Ocupémonos también, amados hermanos míos, de Federico y Antoñito Pez, que estaban a punto de ser abogados, y que eran el uno filósofo (muchos filósofos de hoy tienen diez y siete abriles) y el otro economista. ¡Ah! La Economía política es una ilusión que se pierde siempre a los veinte años. Federico se había distinguido en esos círculos de sabiduría temprana donde centenares de ángeles juegan al discurso. Era oradorcito. Allí era de oír lo siguiente: «El señor que me ha precedido en el uso de la palabra...». Y el tal preopinante no llevaba chichonera porque hoy es moda que los niños de teta usen sombrero. Las controversias de los menudos filósofos y economistas tomaban siempre un tono de acaloramiento y personalismo, que agriaba los nobles caracteres. La Memoria escrita por Federico sobre no sé qué, pasó desde la tribuna a la prensa, apareció en una Revista; el niño se creció; inscribiose en un círculo más nombrado; hízose oír; le aplaudieron. Primero hablaba y luego gritaba. Ensordecía los pasillos. Llegó a envanecerse con su facilidad de palabra, y a creerse un Moret, un Gabriel Rodríguez. Hubo de volverse loco porque le dijeron que aún mamaba. ¡Disparate! El no mamaba sino del presupuesto.

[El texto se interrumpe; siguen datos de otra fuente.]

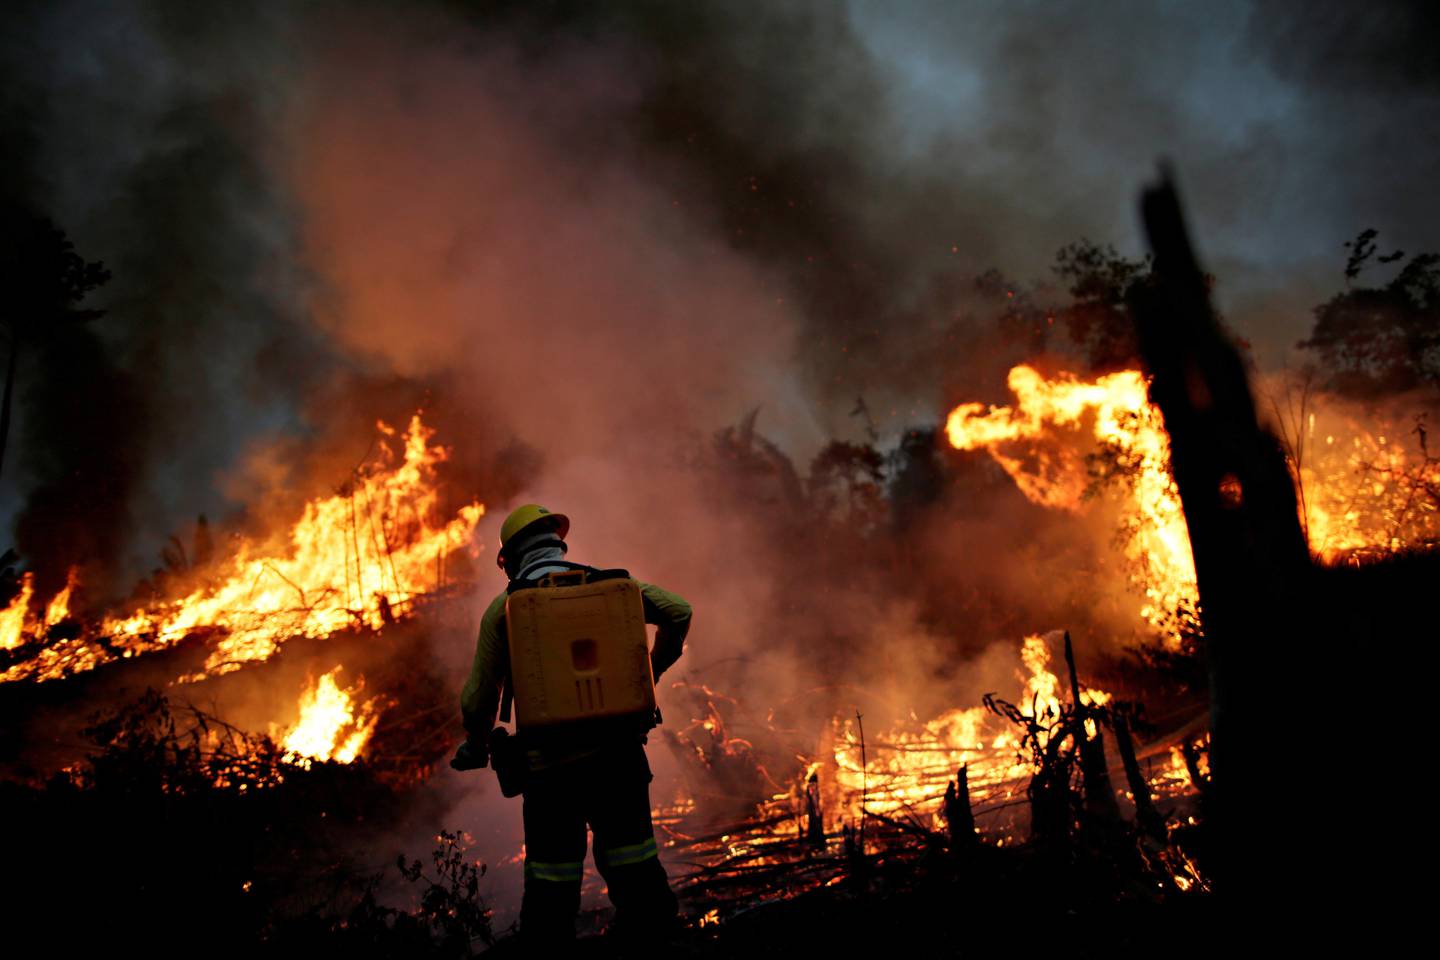 FILE PHOTO: A Brazilian Institute for the Environment and Renewable Natural Resources (IBAMA) fire brigade member attempts to control a fire in a tract of the Amazon jungle in Apui, Amazonas State, Brazil, August 11, 2020. REUTERS/Ueslei Marcelino/File Photo

Antoñito, que era el filósofo, empleaba las horas de oficina en hacer revistas musicales para un periódico de teatros. La Filosofía y la Música tienen un alma de diez y nueve años, una afinidad que parece parentesco. Son dos cuerdas distintas del laúd de la tontería. Antoñito, que había hecho en su cabeza una especie de pasta filosófica, amasando al padre Taparelli con Augusto Comte, era además un wagnerista furibundo, aunque, la verdad ante todo, en jamás de los jamases había oído música de Wagner. En sus artículos llamaba a todas las cantantes divas, y a toda las obras spartitos. Era severísimo con los artistas cuando no le daban butaca.
Ocupémonos, finalmente, de Luis Pez, el cual no era filósofo, ni economista, ni músico; era jinete. Había comenzado una carrera militar, pero tuvo que abandonarla por falta de luces. Su pasión eran los caballos. Se ocupaba del propio tanto como de los ajenos, y deploraba que no tuviéramos hipódromo (1872). Como el de sus hermanas, estaba su cerebro tan limpio de Aritmética, que no acertaba a comprender por qué él tenía un solo caballo, mientras su amigo, el hijo de los duques de Tal, montaba alternativamente cinco, sin contar los veinte que ocupaban la cuadra de la calle de San Dámaso. He aquí una contradicción económica ante la cual Federico Pez, un Bastiat en estado de larva, habría tenido quizás algo que decir. Iba nuestro galán centauro a la oficina lo menos que podía. Estaba agregado a la Comisión de empleados que redactaban las nuevas Ordenanzas de Aduanas. ¿Para qué había de molestarse este digno funcionario en asistir a su trabajo si él no sabía lo que era comercio; si no sabía lo que era un puerto; si no había visto otra mar que el mar sin barcos de Biarritz; si ignoraba lo que es un buque, un cargamento, lo que son derechos, valores, rol, tasa, escala alcohólica, arancel, y demás cosas que atañen al tráfico y desarrollo del cambio? Bostezaba en la oficina, cobraba su sueldo, esperaba con ansia la hora y la calle. Amados hermanos míos, tiempo es ya de que digamos con el ángel. ¡Ave, María!